I usually give these. Not much meat on, but there is a little bit. They do sometimes have lamb leg bones too but they are a bit hard, with even less meat on. I sometimes give him chicken wings when we have a roast dinner, we don't eat the wings so we just cut them off before cooking and give them to Woody.

He has dry food normally-3 times a day. When I give him a bone I usually give it instead of his 3rd meal or just with a tiny bit of kibble.
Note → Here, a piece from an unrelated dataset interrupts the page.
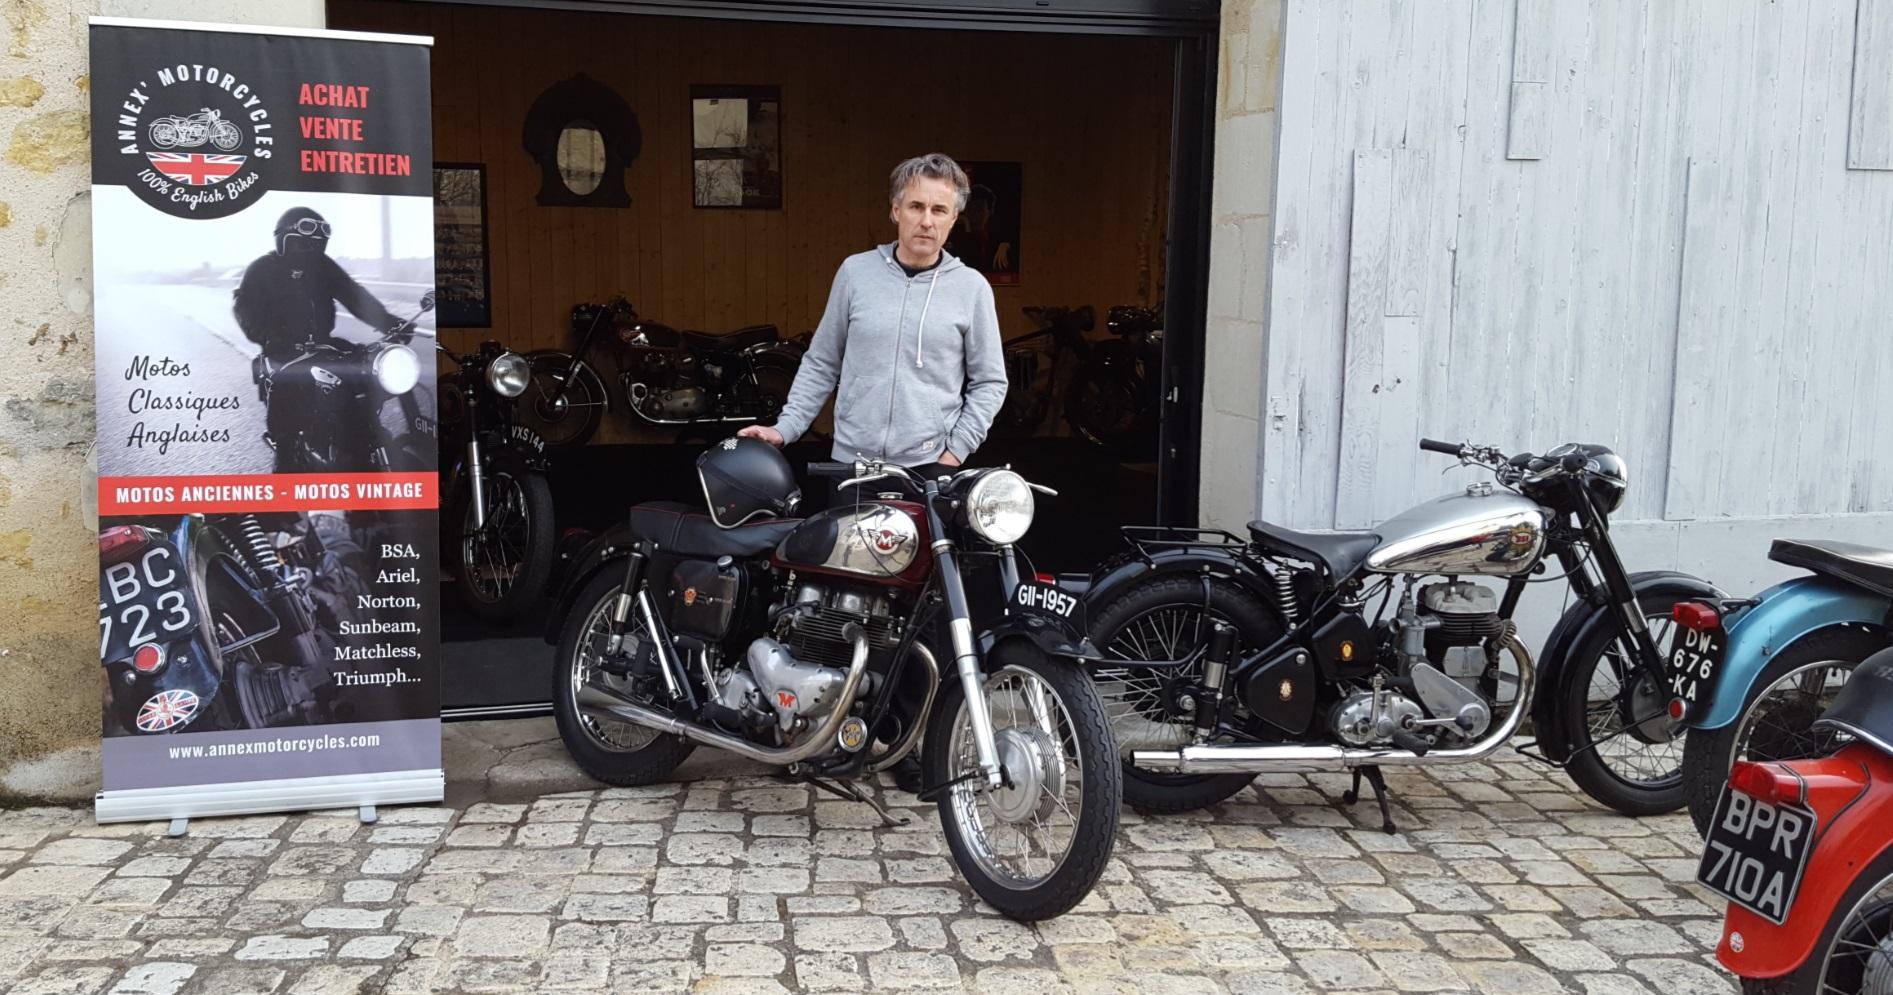 annex motorcycles de belles anglaises pour vous auto moto magazine. Black Bedroom Furniture Sets. Home Design Ideas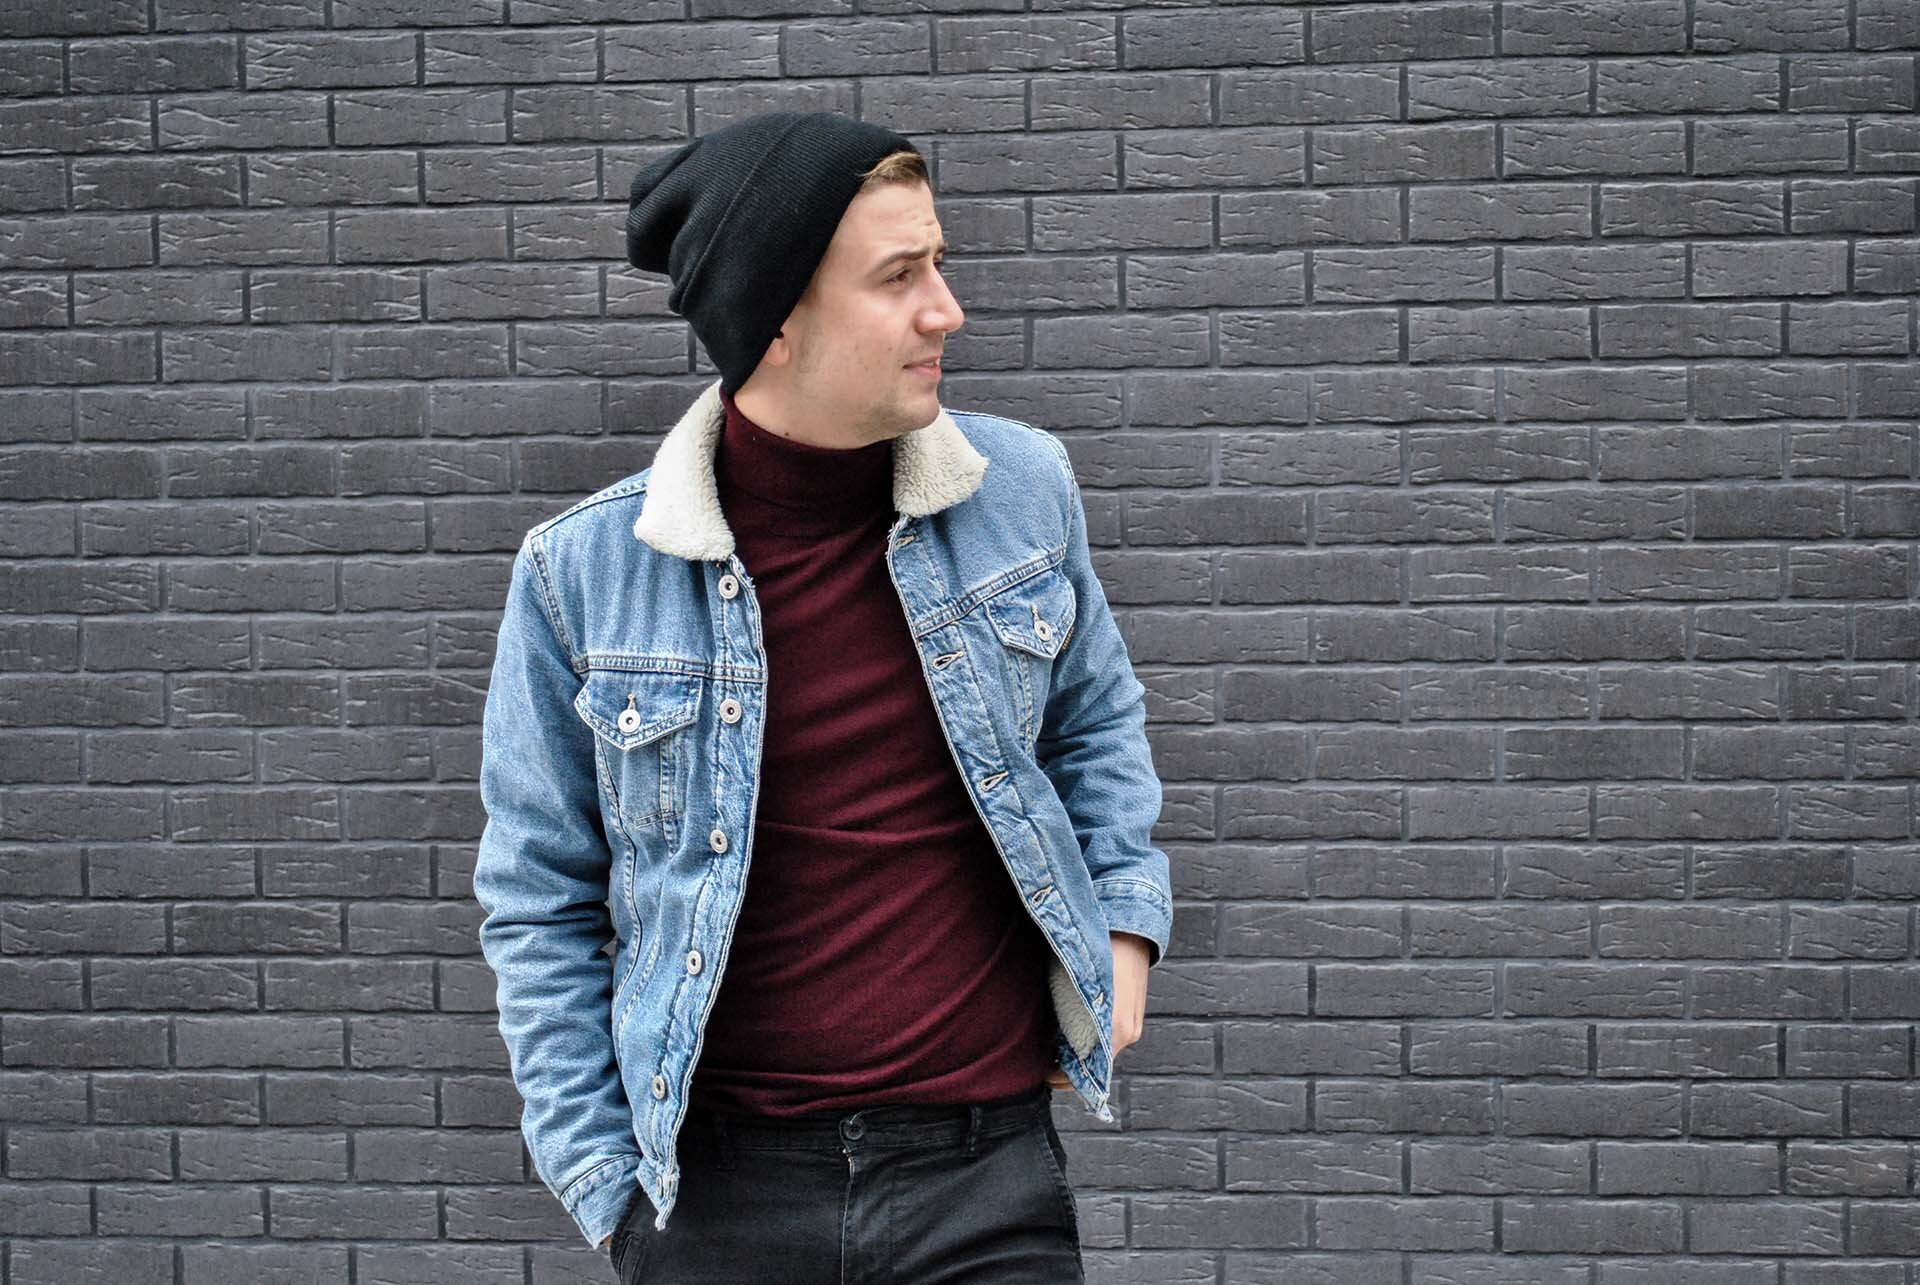 GMALE by Grzegorz Paliś, blog o modzie męskiej, Kurtka dżinsowa z kożuchem, Kurtka jeansowa, Bordowy golf, Casual

I probably give them roughly once a week to two weeks. I would give them more often if it didn't give him the runs every time.

ETA: He does manage the bones very well. He crushes thems all completely, including the chicken wings, and I always supervise. When he's sick, he doesn't actually sick up any bone or anything, except once when I gave him a lamb leg bone, he sicked up the round ball bits, which is another reason I don't give the legs.


----------



## Sleeping_Lion (Mar 19, 2009)

Can I just post a warning, since this topic has come up. I don't give large beef bones, because the age of the animal can't be determined, neither can it with pork bones very easily. I feed lamb and chicken, as these are softer and easier for a dog to deal with. 

Somone I know nearly lost their dog this week, a piece broke off a large beef knuckle bone (raw, not cooked), and lodged in the oesophagus, fortunately it was found just in time after a couple of vet visits (first an injection to try and make her sick from memory, second time they took a look down her throat). So if you do give marrow bones, make sure you supervise them, don't leave them alone with big bones where you can't be certain they haven't swallowed a large part whole. 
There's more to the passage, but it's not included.